Design and development
Development of the DC-1 can be traced back to the 1931 crash of a TWA airliner, a Fokker F-10 trimotor in which a wing failed, probably because water had seeped between the layers of the wood laminate and dissolved the glue holding the layers together. Following the accident, the Aeronautics Branch of the U.S. Department of Commerce placed stringent restrictions on the use of wooden wings on passenger airliners. Boeing developed an answer, the 247, a twin-engined all-metal monoplane with a retractable undercarriage, but their production capacity was reserved to meet the needs of  United Airlines, part of United Aircraft and Transport Corporation which also owned Boeing. TWA needed a similar aircraft to respond to competition from the Boeing 247 and they asked five manufacturers to bid for construction of a three-engined, 12-seat aircraft of all-metal construction, capable of flying 1,080 mi (1,740 km) at 150 mph (242 km/h).  The most demanding part of the specification was that the airliner would have to be capable of safely taking off from any airport on TWA's main routes (and in particular Albuquerque, at high altitude and with severe summer temperatures) with one engine non-functioning.

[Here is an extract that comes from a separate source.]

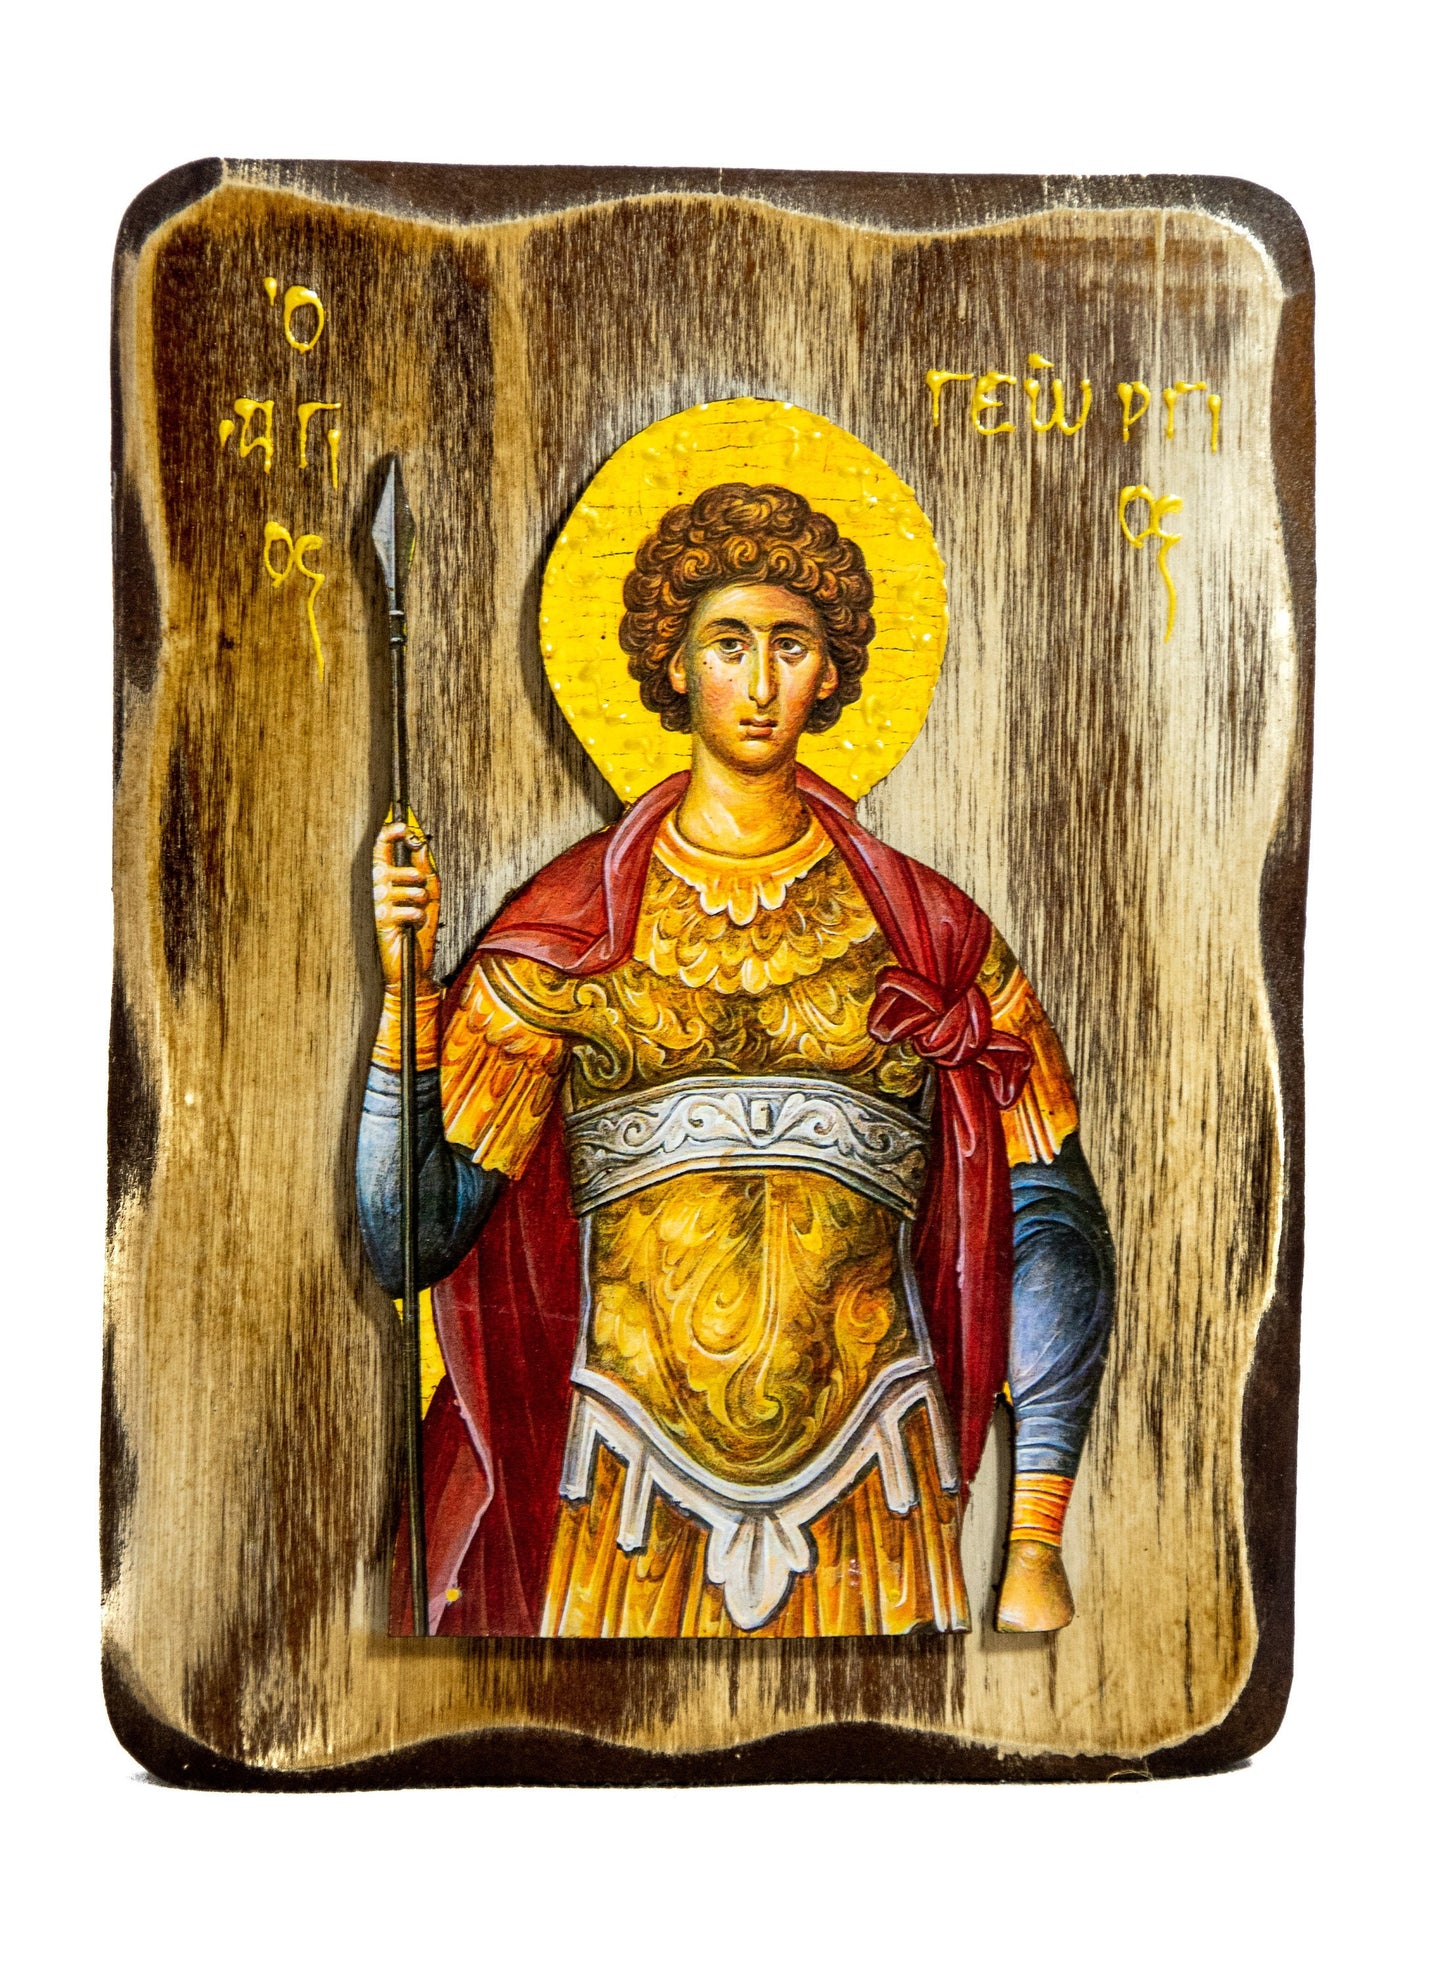 Saint George icon, Handmade Greek Orthodox icon of St George, Byzantine art wall hanging icon on wood plaque Agios Georgios, religious gift TheHolyArt

Donald Douglas was initially reluctant to participate in the invitation from TWA. He doubted that there would be a market for 100 aircraft, the number of sales necessary to cover development costs. Nevertheless, he submitted a design consisting of an all-metal, low-wing, twin-engined aircraft seating 12 passengers, a crew of two and a flight attendant. The aircraft exceeded the specifications of TWA even with only two engines, principally through the use of controllable pitch propellers. It was insulated against noise, heated, and fully capable of both flying and performing a controlled takeoff or landing on one engine.

Don Douglas stated in a 1935 article on the DC-2 that the first DC-1 cost $325,000 to design and build.

Operational history

Only one aircraft was produced. The prototype made its maiden flight on July 1, 1933, flown by Carl Cover. It was given the model name DC-1, or Douglas Commercial Model 1. During a half-year of testing, it performed more than 200 test flights and demonstrated its superiority over the most-used airliners at that time, the Ford Trimotor and Fokker Trimotor. It was flown across the United States on February 19, 1934, making the journey in the record time of 13 hours 5 minutes.

TWA accepted the aircraft on 15 September 1933 with a few modifications (mainly increasing seating to 14 passengers and adding more powerful engines) and subsequently ordered 20 examples of the developed production model which was named the Douglas DC-2.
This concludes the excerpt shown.